Note on wm.behavior.setMacShowInDockByType: uniquely keyed by window TYPE (not windowId), because Dock visibility is an app-level UI decision — two instances of the same type should contribute identically, and services routinely need to flip the override BEFORE any instance exists (e.g. tray-on-launch calls wm.behavior.setMacShowInDockByType(Main, false) before the first open(Main)). See Platform → Declarative Behavior Layer for semantics.

Consumer Decision Guide

Situation Do
Only want initial state on create Declare in registry behavior.*
Single driver, runtime toggle Use wm.behavior.setHideOnBlur / wm.behavior.setAlwaysOnTop (or window.* if no setter exists)
Multiple independent drivers (pin + auto_close) Compute final target state on the consumer side, then call setters once. Do NOT store intermediate state in WM.
Call-specific options that differ per call Drive directly on BrowserWindow (e.g. SelectionAction's show sequence)

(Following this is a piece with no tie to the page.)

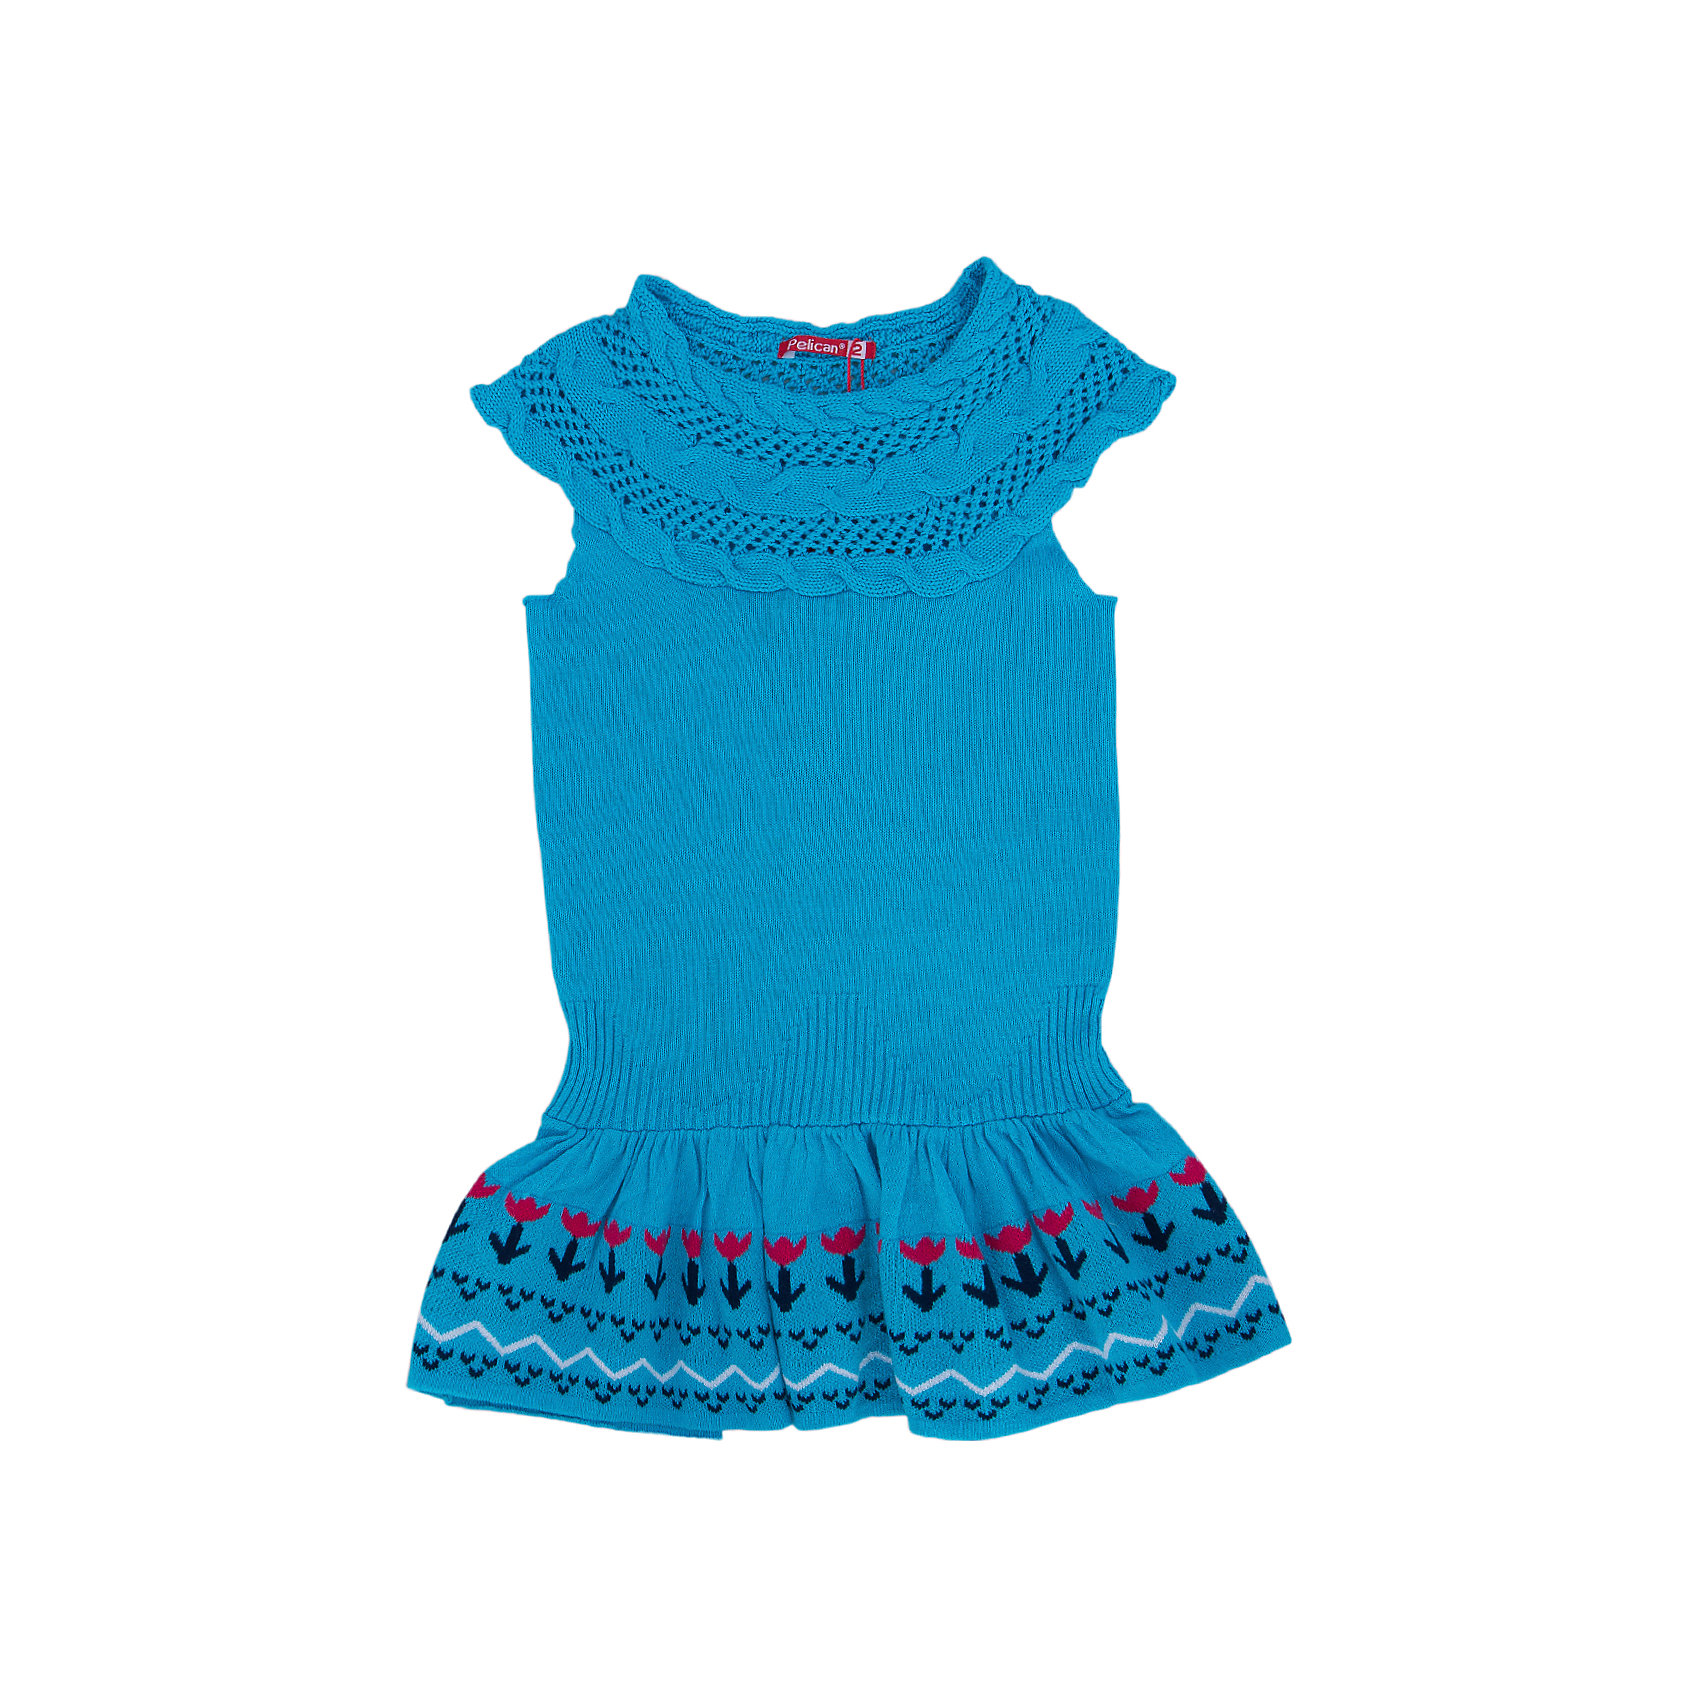 Платье для девочки PELICANПлатья и сарафаны<br>Модное вязаное платье для девочки смотрится очень нарядно. Оно поможет разнообразить гардероб ребенка, создать подходящий погоде ансамбль. Удобный крой и качественный материал обеспечат ребенку комфорт при ношении этих вещей. <br>Платье декорировано вывязанным узором из косичек, низ - украшен воланами и орнаментом. Рукава короткие. Вязка очень качественная, гладкая. Материал платья состоит из дышащего натурального хлопка. <br><br>Дополнительная информация:<br><br>материал: 100% хлопок;<br>цвет: голубой;<br>декорировано узором и воланами.<br><br>Платье для девочки от бренда PELICAN (Пеликан) можно купить в нашем магазине.<br><br>Ширина мм: 236<br>Глубина мм: 16<br>Высота мм: 184<br>Вес г: 177<br>Цвет: голубой<br>Возраст от месяцев: 18<br>Возраст до месяцев: 24<br>Пол: Женский<br>Возраст: Детский<br>Размер: 92,110,104,98<br>SKU: 4804984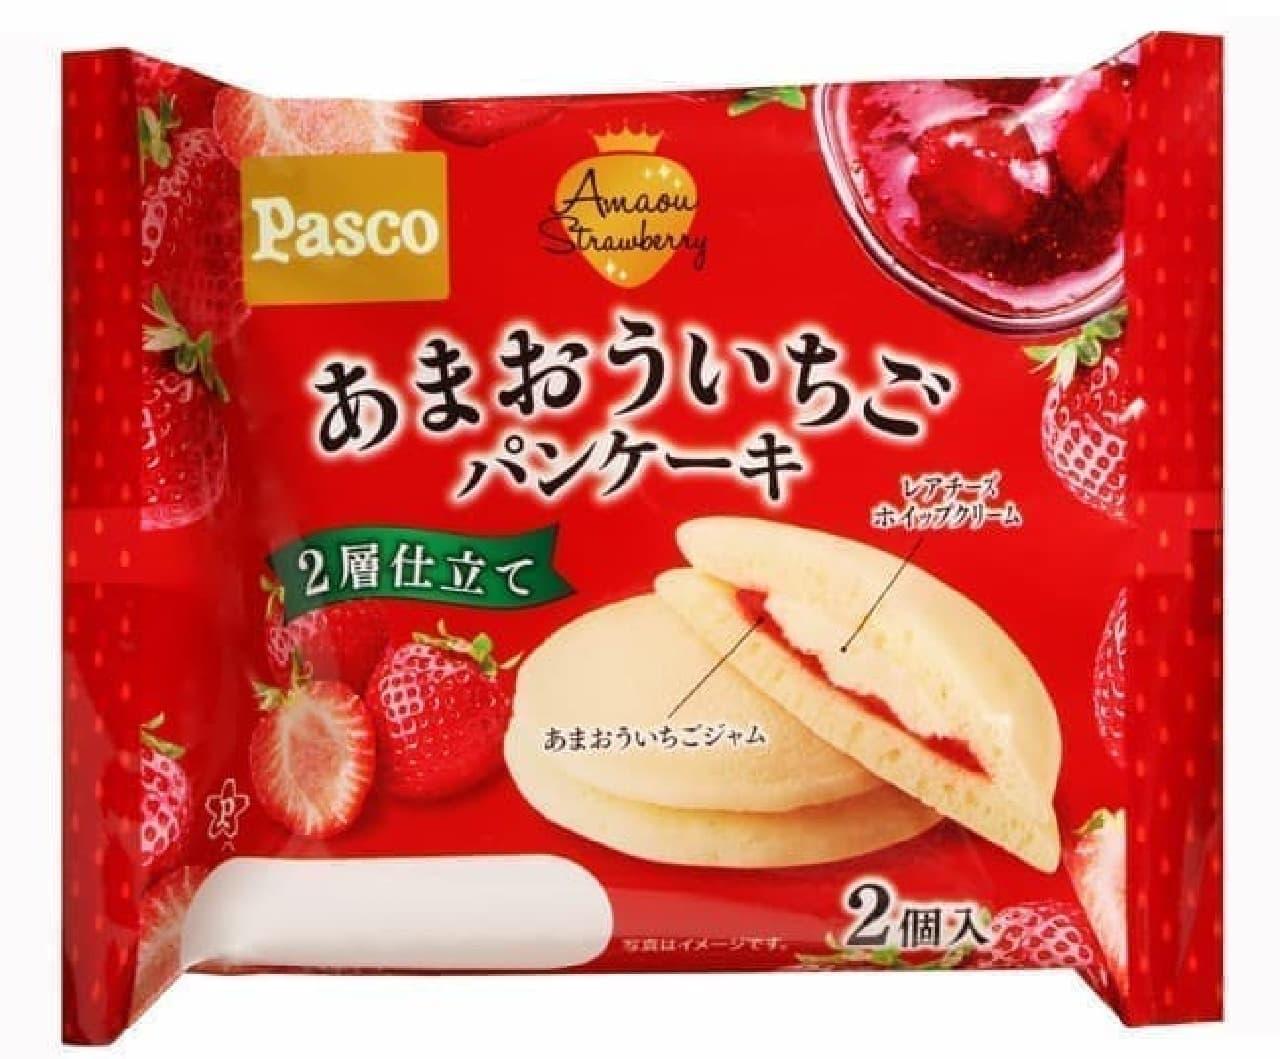 Pasco「あまおういちごパンケーキ2個入」

Type Derivation Convention

  • When Electron exports a named type (e.g. VisibleOnAllWorkspacesOptions), import it directly.
  • When it exposes only an inline union (e.g. the level argument on setAlwaysOnTop), derive via Parameters<BrowserWindow['setAlwaysOnTop']>[1].
  • Never re-declare Electron argument unions by hand.
  • Caveat: if Electron adds method overloads, Parameters<> resolves against the last overload only — re-verify after Electron upgrades.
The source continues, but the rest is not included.